In [1]:
from datasets import load_dataset
import sentencepiece as spm
from sklearn.feature_extraction.text import TfidfVectorizer
from sklearn.linear_model import LogisticRegression
import numpy as np
import pandas as pd
import matplotlib.pyplot as plt
from sklearn import datasets
from sklearn.model_selection import train_test_split
from sklearn.svm import SVC
from sklearn.svm import LinearSVC
from sklearn.metrics import accuracy_score, classification_report, confusion_matrix
from sklearn.naive_bayes import MultinomialNB
from sklearn.ensemble import RandomForestClassifier
from sklearn.linear_model import SGDClassifier
from sklearn.model_selection import GridSearchCV
from sklearn.model_selection import cross_val_score
import nltk
from nltk.tokenize import sent_tokenize
import random
from datasets import concatenate_datasets
from datasets import Dataset
import requests
from bs4 import BeautifulSoup

## Function For Scraping

In [2]:
def neutral_sentiment_function(urls):
    articles_content = []
    for url in urls: #fill articles_content with content from url's
        response = requests.get(url)
        # Adjust encoding based on the site's specific encoding
        response.encoding = 'UTF-8'
        soup = BeautifulSoup(response.text, "html.parser")
        # Adjust the selection based on the content structure of the site
        article_content = soup.find("div", class_="mw-page-container-inner") 
        if article_content:
            articles_content.append(article_content.get_text())#creating a data frame of sentences
   # nltk.download('punkt')
    all_sentences = []
    for content in articles_content:
        sentences = sent_tokenize(content)
        all_sentences.extend(sentences)
    df = pd.DataFrame(all_sentences, columns=['text'])
    df.reset_index(drop=True, inplace=True)
    print(df.head())
    #df['data'] = df['text'].apply(lambda x: {'label': 2, 'text': x}) #every neutral will be referenced with a 2
    #neutral_data = df['data'].tolist()
    return df

## Function For Combining

In [3]:
def combine_data(df,sentiment_type,train_dataset,test_dataset):
    sentiment_number = 0
    if sentiment_type == 'positive':
        sentiment_number = 1
    elif sentiment_type == 'negative':
        sentiment_number = 0
    elif sentiment_type == 'neutral':
        sentiment_number = 2

    df['data'] = df['text'].apply(lambda x: {'label': sentiment_number, 'text': x}) #every neutral will be referenced with a 2
    added_data = df['data'].tolist()
    total_length = len(added_data)
    split_index = int(total_length * 0.75)
    added_training_data = added_data[:split_index]
    data_dict = {key: [dic[key] for dic in added_training_data] for key in added_training_data[0]}
    added_training_dataset = Dataset.from_dict(data_dict)
    combined_training_dataset = concatenate_datasets([train_dataset,added_training_dataset])
    train_dataset = combined_training_dataset.shuffle(seed = 42)
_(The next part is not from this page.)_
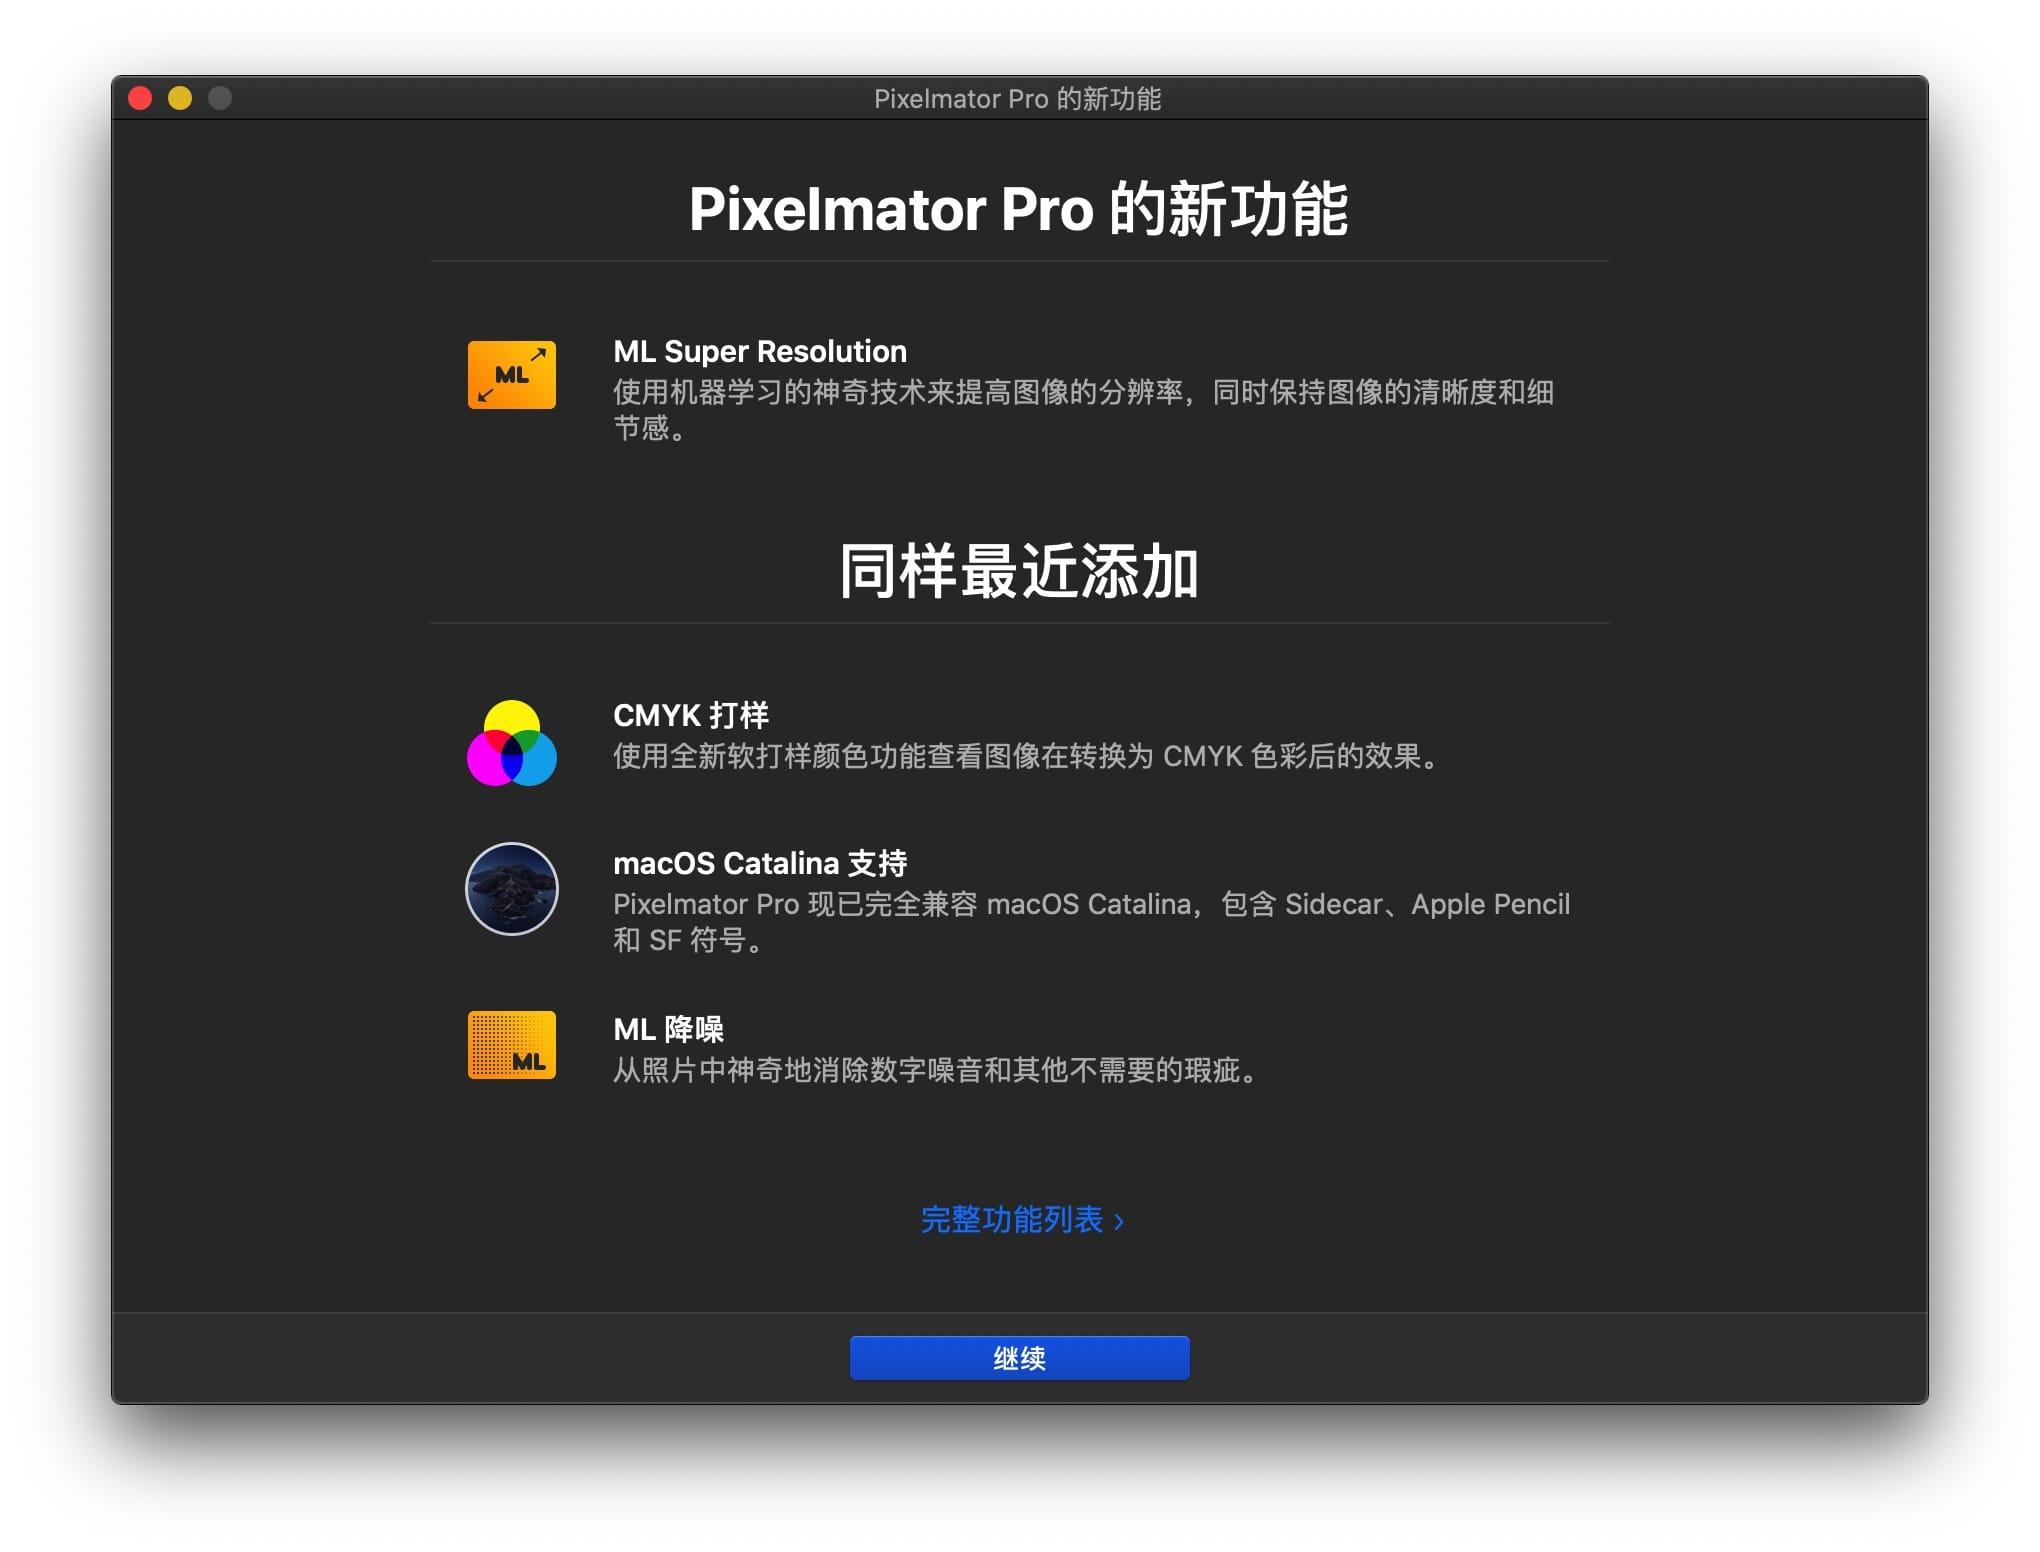 Pixelmator Pro 1.5.4 图像处理软件 图片处理 第2张

    added_testing_data = added_data[split_index:]
    data_dict = {key: [dic[key] for dic in added_testing_data] for key in added_testing_data[0]}
    added_testing_dataset = Dataset.from_dict(data_dict)
    combined_testing_dataset = concatenate_datasets([test_dataset,added_testing_dataset])
    test_dataset = combined_testing_dataset.shuffle(seed=42)

    return train_dataset, test_dataset

## Loading the Datasets

In [None]:
# Load the dataset
#dataset = load_dataset("t1annnnn/Chinese_sentimentAnalyze")
dataset = load_dataset("sepidmnorozy/Chinese_sentiment")
train_dataset = dataset["train"]
test_dataset = dataset["test"]
dataset_2 = load_dataset("t1annnnn/Chinese_sentimentAnalyze")
test_dataset_2 = dataset["test"]

In [None]:
#print(test_dataset_2[1])

## Including a Neutral Sentiment

In [None]:
# Specify the URL
#nltk.download('punkt')
urls = ["https://zh.wikipedia.org/wiki/%E4%B8%AD%E5%9C%8B", "https://zh.wikipedia.org/wiki/%E4%B8%AD%E5%8D%8E%E4%BA%BA%E6%B0%91%E5%85%B1%E5%92%8C%E5%9B%BD"]
df = neutral_sentiment_function(urls)
sentiment_type = 'neutral'
train_dataset,test_dataset = combine_data(df,sentiment_type,train_dataset,test_dataset)

## Tokenizing and Vectorizing

In [None]:
# Create and write to chinese_data.txt for SnetencePiece training
with open("chinese_data.txt", "w", encoding="utf-8") as file:
    for example in train_dataset:
        file.write(example["text"] + "\n")

#Training the data set model:
spm.SentencePieceTrainer.Train('--input=chinese_data.txt --model_prefix=chinese_model --vocab_size=8000 --character_coverage=0.9995 --model_type=bpe')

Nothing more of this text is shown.